La recherche du bâtiment à énergie positive ne s'est guère traduite jusqu'à présent que par l'application tous azimuts de panneaux photovoltaïques. Système actuellement étu-dié par l'agence X-TU, BiO2 va plus loin et se propose d'appliquer des bioréacteurs sur l'enveloppe du bâtiment, afin de transformer la façade en « biofaçade ». Selon l'encyclopédie Wikipédia, « un bioréacteur est une unité technologique dans laquelle on multiplie des micro-organismes (levures, bactéries, champignons microscopiques, algues, cellules animales et végétales) tant pour la production de biomasse en soi que pour la production d'un métabolite ou encore la bioconversion d'une molécule d'intérêt. »

Les bioréacteurs sont parfois désignés par le terme de propagateurs ou de fermenteurs, et utilisés depuis longtemps par les industries biopharmaceutiques, plus récemment pour la fabrication de biocarburants. Leur utilisation dans l'architecture commence à être envisagée comme une possibilité, mais s'ils peuvent produire de l'énergie, ils sont encore loin de susciter l'engouement des cellules photovoltaïques. Engagé dans la mise au point de bioréacteurs architecturaux, le MIT semble avoir renoncé, faute d'avoir su maîtriser les réactions de fouling. Ce phénomène, bien connu des aquariophiles comme des plaisanciers, se traduit par la colonisation des parois par les organismes marins.

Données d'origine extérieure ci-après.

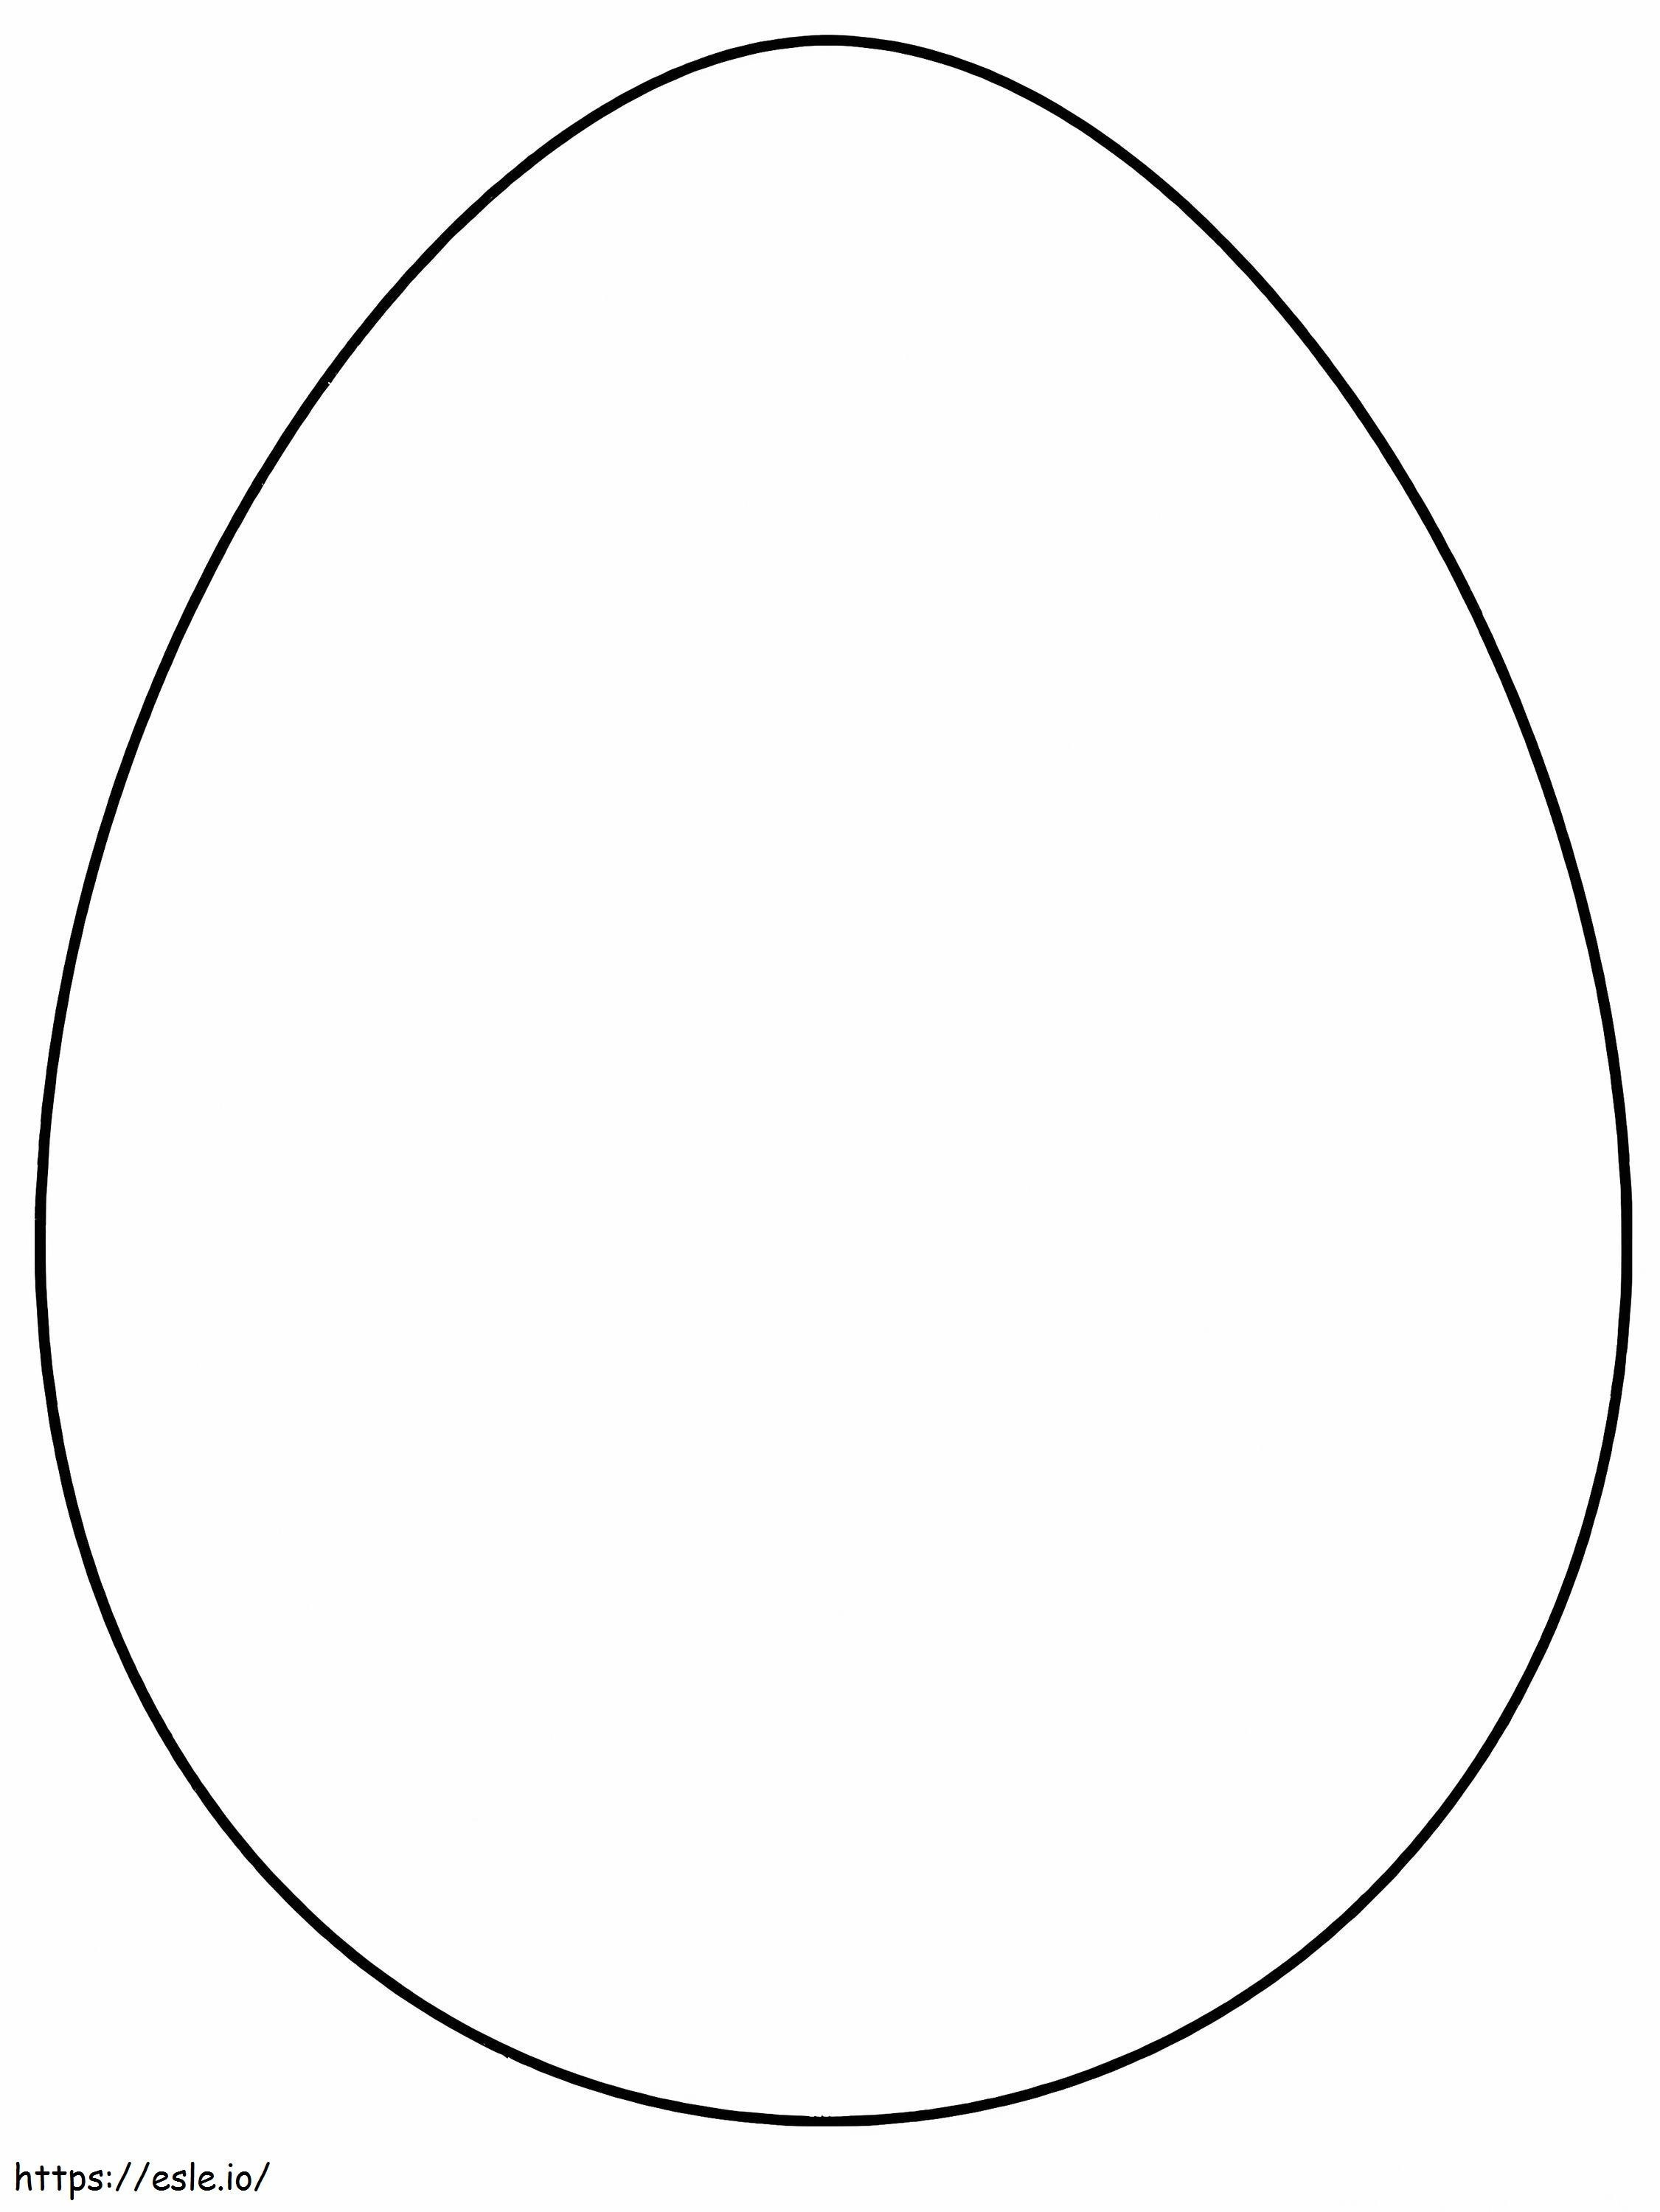 Plain Egg coloring page

En France, l'agence X-TU travaille depuis deux ans sur les photobioréacteurs et cherche à développer leur intégration dans l'architecture. Le système qu'elle étudie actuellement est une série de tubes en verre de 55 centimètres de diamètre, placés entre deux parois vitrées pour la régulation thermique. Disposés en façade, ces bioréacteurs fonctionnant à l'eau de mer forment un milieu de culture pour des algues microscopiques à croissance rapide. Transformant par photosynthèse le CO2 en oxygène, ces algues sont récoltées chaque soir pour être transformées en biocarburant. L'eau – et les algues – circulant sur tout le pourtour de l'étage, les problèmes de façade exposée au soleil ou non ne se posent pas. Quel que soit l'ensoleillement ou l'orientation, le produit sera toujours exposé à la lumière. Une source d'illumination artificielle a été ajoutée afin de pallier les baisses de luminosité trop importantes. Pour l'instant, l'algue cultivée est une espèce grasse fournissant un biocarburant de troisième génération, mais le système est évolutif et pourrait recevoir des algues procurant des produits alimentaires ou destinés à l'industrie pharmaceutique.

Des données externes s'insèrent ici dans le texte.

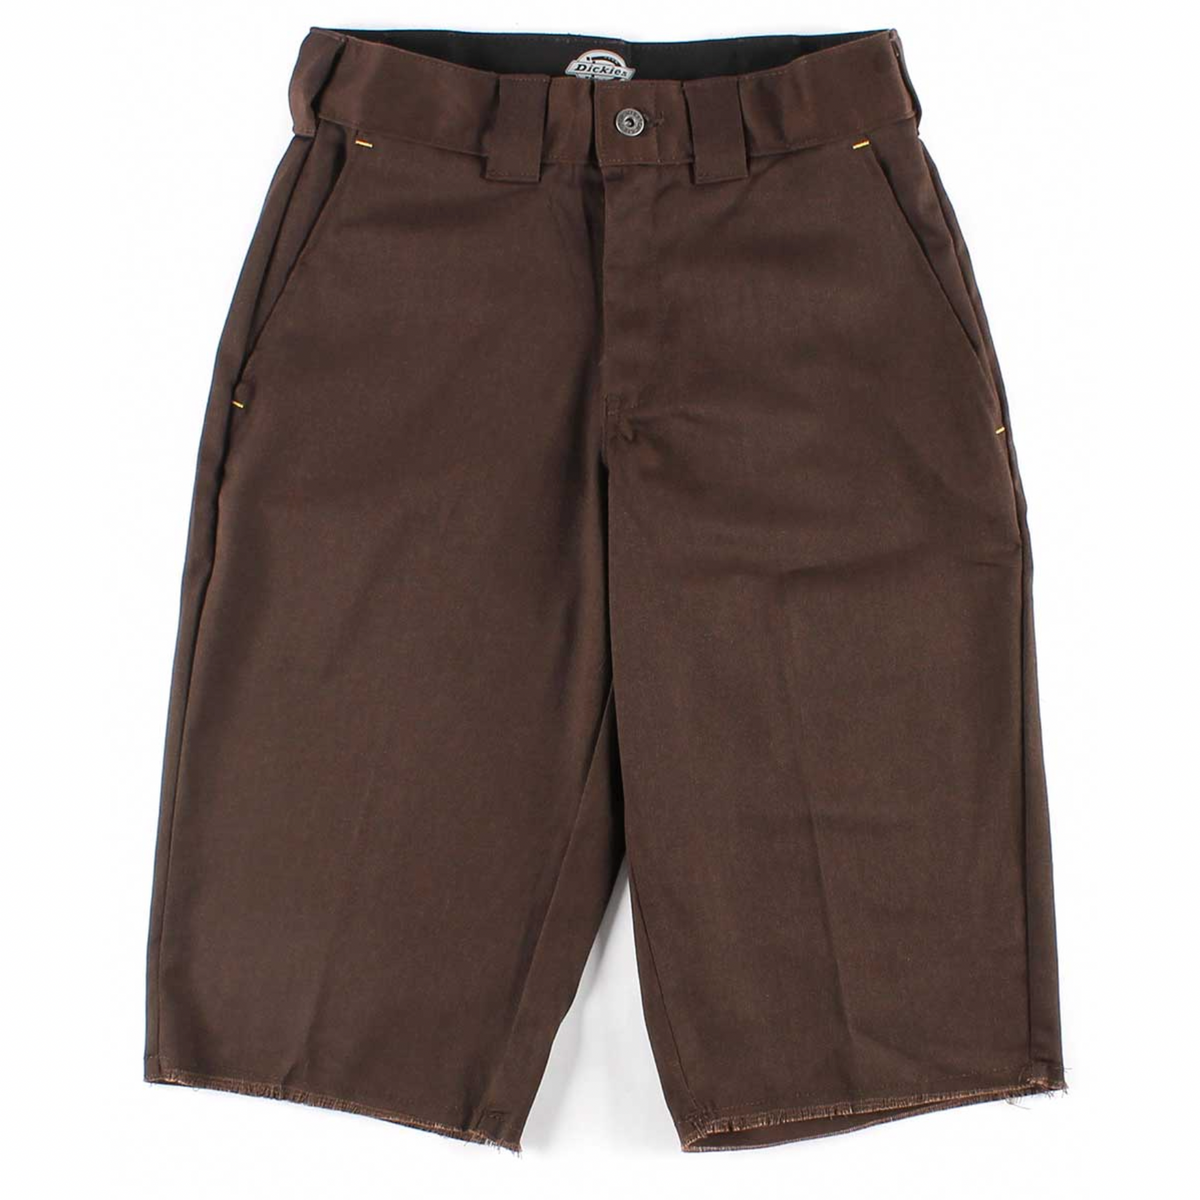 Cotton Crossover Shorts 603, Dark Chocolate Brown

Une tour tertiaire et agricole
Après une première tentative infructueuse d'installation de bioréacteurs en façade d'un bâtiment d'archives (dans le cadre d'un projet de concours), l'agence X-TU étudie de façon beaucoup plus approfondie leur intégration en façade d'une tour actuellement en projet à la Défense. Plus qu'un système, le bioréacteur est le centre d'un véritable écosystème urbain, recyclant en oxygène le gaz carbonique produit par la centrale thermique voisine, tout en assurant une production agricole. L'application de ce procédé à un type de bâtiment aussi exposé aux soubresauts économiques – la tour est un produit financier ajusté au millimètre près à l'évolution du marché immobilier – interdit de laisser le moindre détail au hasard, sous peine de compromettre la viabilité de l'opération. Le programme tertiaire présente certains avantages. Il permet de disposer d'un personnel consacré à l'entretien du système, qui peut parcourir les coursives de la double peau sans risquer de violer l'intimité des usagers. Sujet sensible, la tour a cependant la bonne taille pour susciter un intérêt économique aussi bien aux yeux du « cultivateur » qu'à ceux du développeur. En bref, elle atteint une masse critique suffisante pour motiver les partenaires financiers.

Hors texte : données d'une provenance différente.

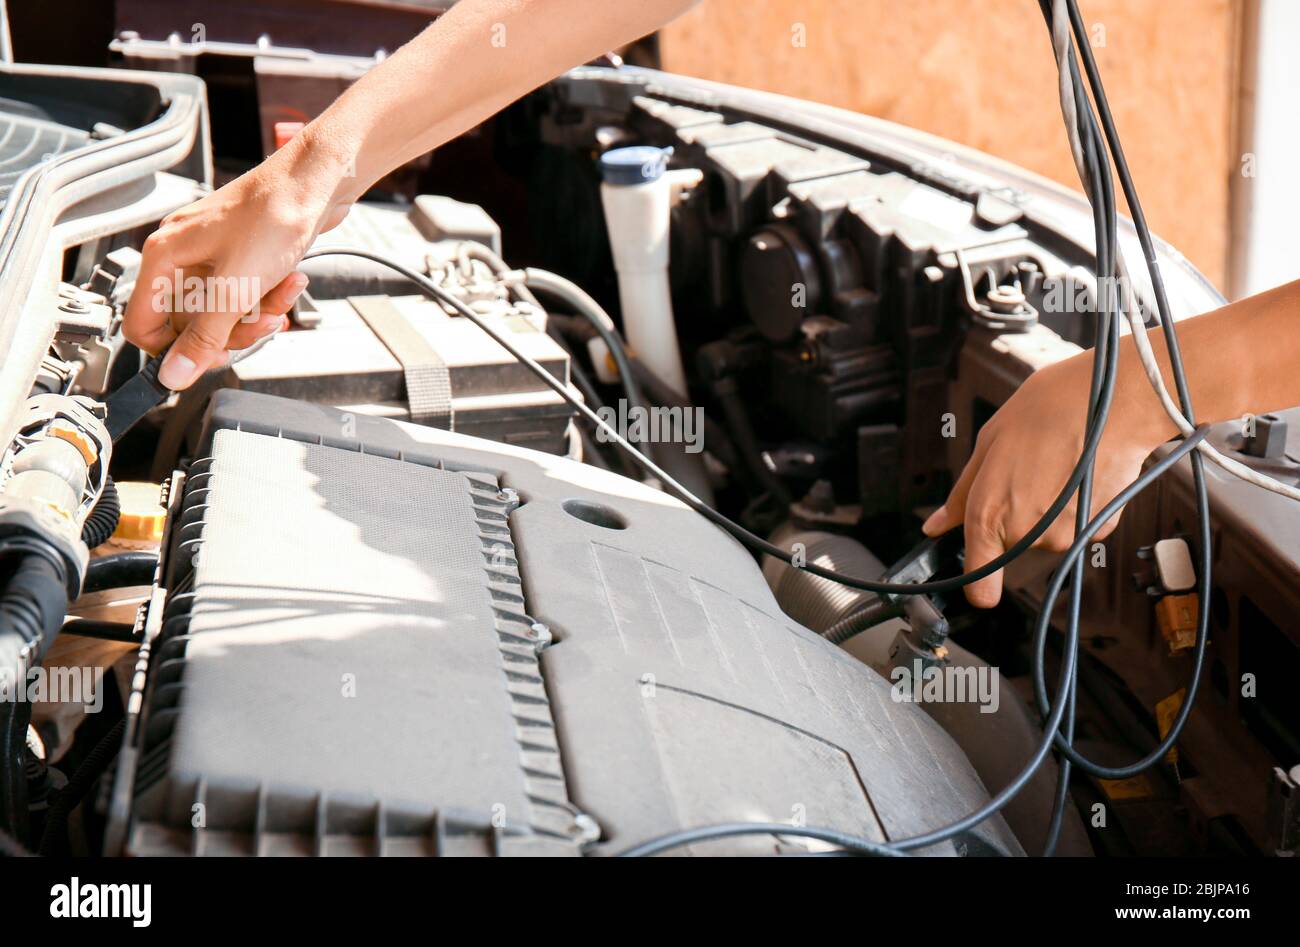 Young female mechanic repairing car in body shop Stock Photo

La surface des bioréacteurs ceinture les quarante étages de la tour. Selon les calculs, la quantité de CO2 transformé correspond à 1 700 hectares de forêt en croissance, soit sur une année l'équivalent des bois de Boulogne et de Vincennes réunis, ou la consommation énergétique des futures onze tours basse consommation en projet à la Défense. Immeuble de bureaux, la tour est aussi considérée comme un site agricole ; les superficies hors œuvre occupées par la double peau ont donc pu être déduites. La présence de 2 300 mètres cubes d'eau en façade a également facilité le passage devant la commission de sécurité : les tubes en verre sont incombustibles et s'ils venaient à casser, ils ne libéreraient que de l'eau. La sécurité incendie est par ailleurs renforcée par le support de ces tubes, un ancrage en porte-à-faux créant un C+D atteignant quasiment deux mètres !
L'installation de bioréacteurs en façade entraîne cependant un surcoût qui a été réduit au minimum par la rationalisation de l'ensemble des composants. Le béton Befup du porte-à-faux intègre aussi les canalisations, les pièces sont étudiées pour faciliter le montage. « Dans une tour, c'est la main-d'œuvre qui coûte cher, explique Anouk Legendre, et la moindre erreur se répercute sur quarante étages. Il a fallu trouver des astuces pour être économique, avoir une réflexion sur la standardisation. » Les architectes ont déposé un brevet pour ce système, autant pour inciter leurs partenaires à poursuivre cette recherche avec eux que pour protéger leur travail. Après deux années de mise au point, un prototype de deux étages – un niveau témoin et un niveau sur lequel seront testées différentes variantes de composants de façade – va être mis en service prochainement. Si les essais sont concluants, les algues accéderont peut-être au rang des revêtements de façade de demain…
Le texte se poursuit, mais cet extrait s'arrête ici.